Wann wird ME/CFS endlich in den Katalog von § 116b Abs. 1 SGB V aufgenommen? Was werden Sie persönlich unternehmen, um den vielen ME/CFS-Erkrankten in permanenter Notlage jetzt zu helfen?
ME/CFS ist eine in Deutschland seit Jahrzehnten vergessene Erkrankung, obwohl sie häufig ist und stellt eine stille humanitäre Katastrophe dar. Dies muss nun dringend und schnell beendet werden. Echte Hilfe muss endlich bei den Erkrankten ankommen. Das Leid durch die Erkrankung und das im Stich lassen durch den Staat der vielen Betroffenen ist sehr groß! Nach aktuellem int. wissenschaftlichen Forschungsstand ist ME/CFS eine schwere, komplexe, häufige, chronische neuroimmunologische Multisystemerkrankung (siehe WHO, CDC, NIH, NICE, EUROMENE, RKI, BÄK, KBV, IQWiG, Charite Berlin, WD des Dt.
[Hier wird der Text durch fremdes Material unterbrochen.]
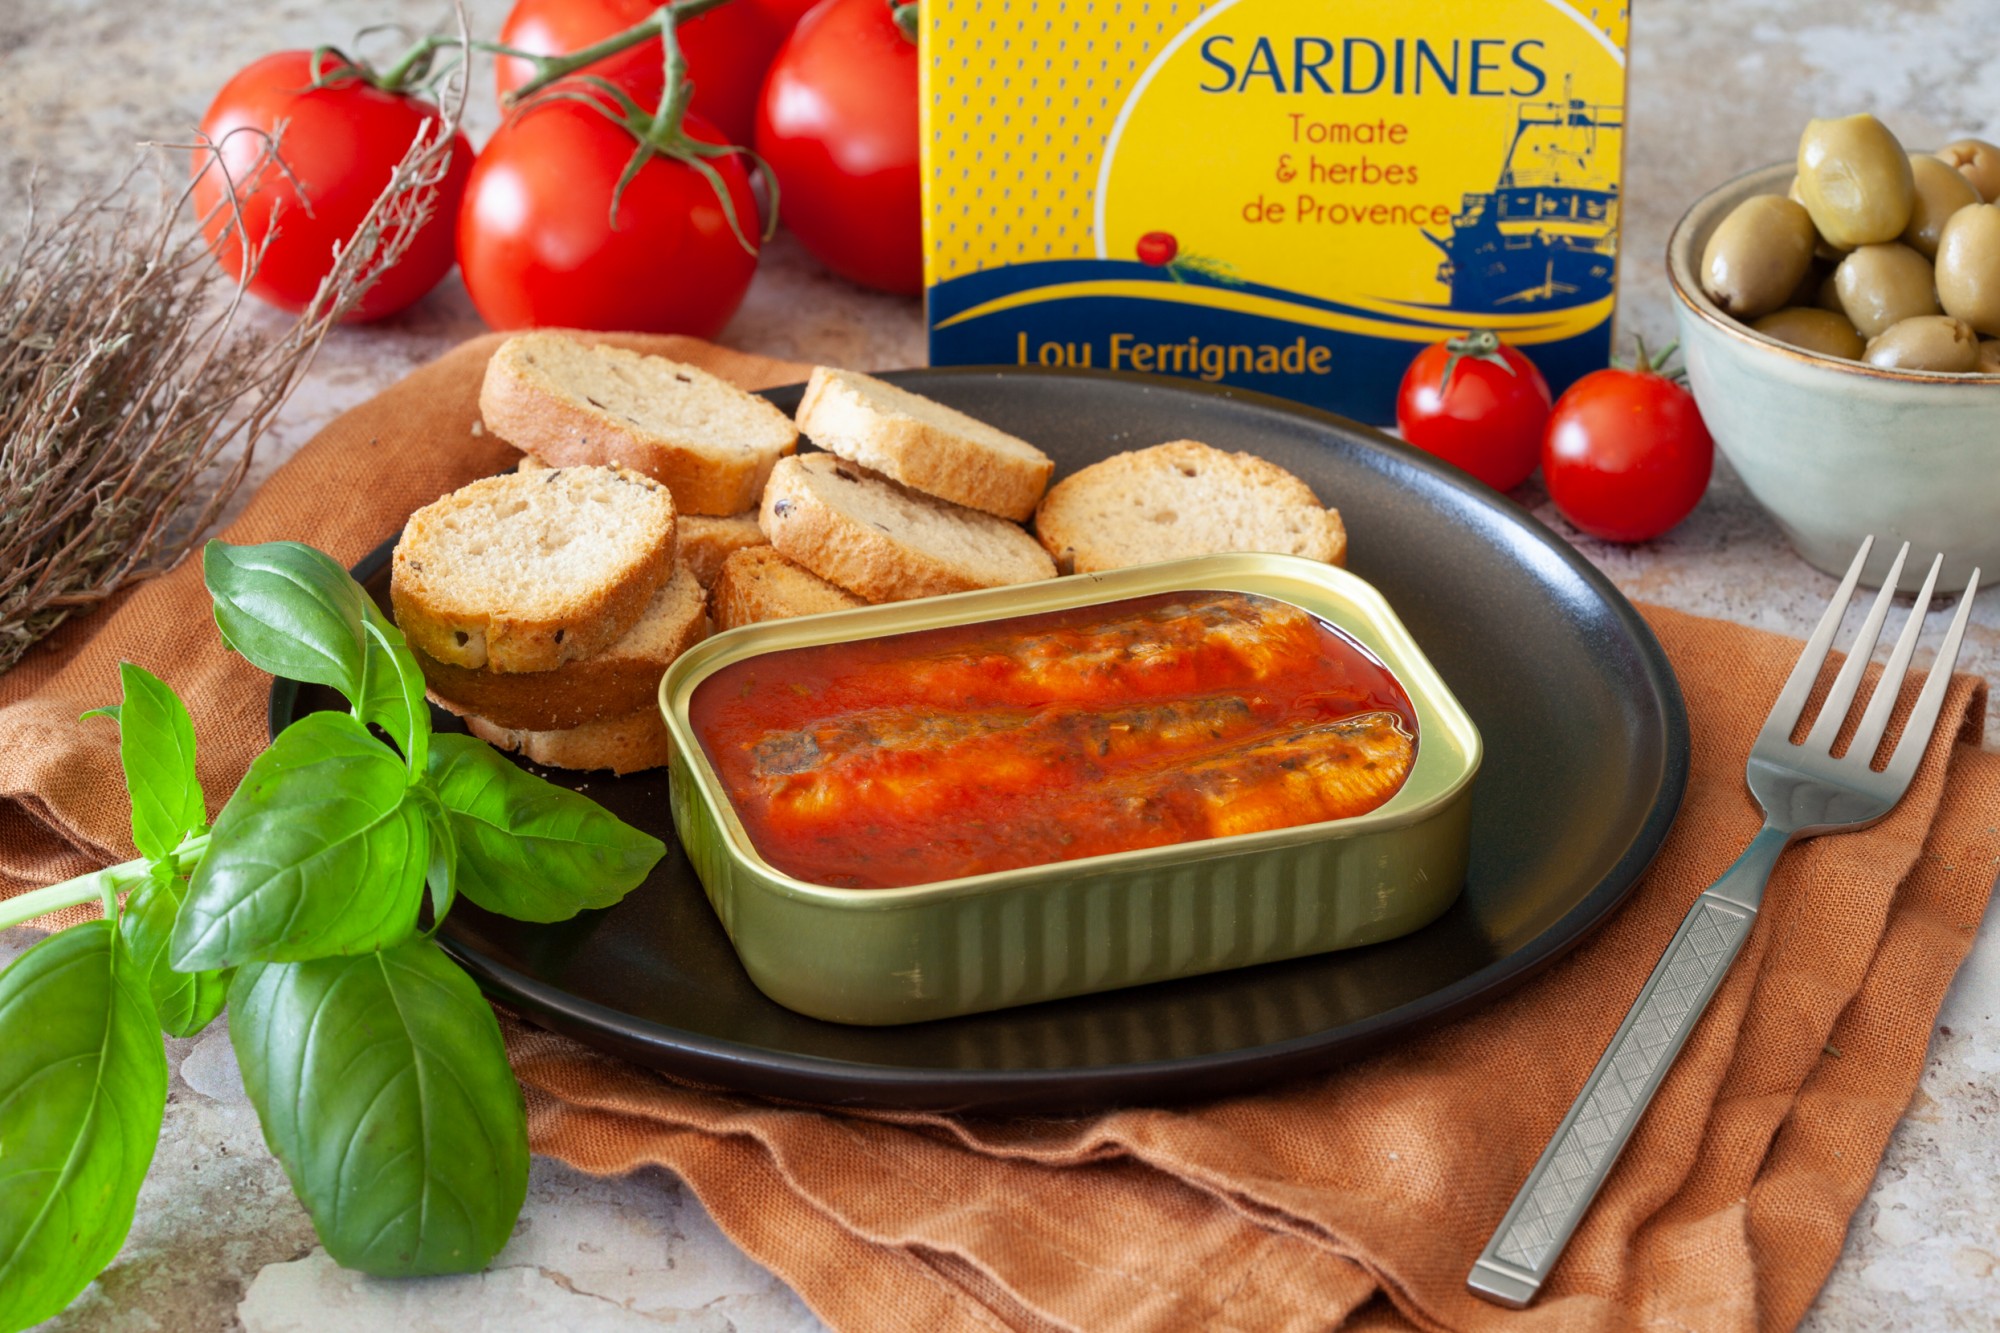 Sardines à la tomate et herbes de provence - Lou Ferrignade - 115g

Bundestages). Was tun Sie konkret, um die sehr schlechte Situation bei weiterhin nicht vorhandener medizinischer Versorgung und in der Realität bei Weitem nicht angemessener sozialrechtlicher Versorgung sowie beharrlich fehlender Anerkennung von ME/CFS, auch bei vielen "Gutachtern" und Amtsärzten, ernsthaft und engagiert deutlich zu verbessern? ME/CFS führt nicht selten sogar in die Armut.
Sehr geehrter Herr A.,
vielen Dank für Ihre Nachricht im Zusammenhang mit dem Krankheitsbild der Myalgischen Enzephalomyelitis (ME/CFS) / dem chronischen Fatigue-Syndrom bzw. zur Situation von Patientinnen und Patienten, die in Folge einer Covid-19-Infektion an Long- Covid leiden. Gern möchte ich Sie über den Stand der Forschung und dahingehende Bemühungen, notwendige Versorgungsstrukturen für die Betroffenen sowie Aufklärungsanstrengungen im Zusammenhang mit der Erkrankung informieren.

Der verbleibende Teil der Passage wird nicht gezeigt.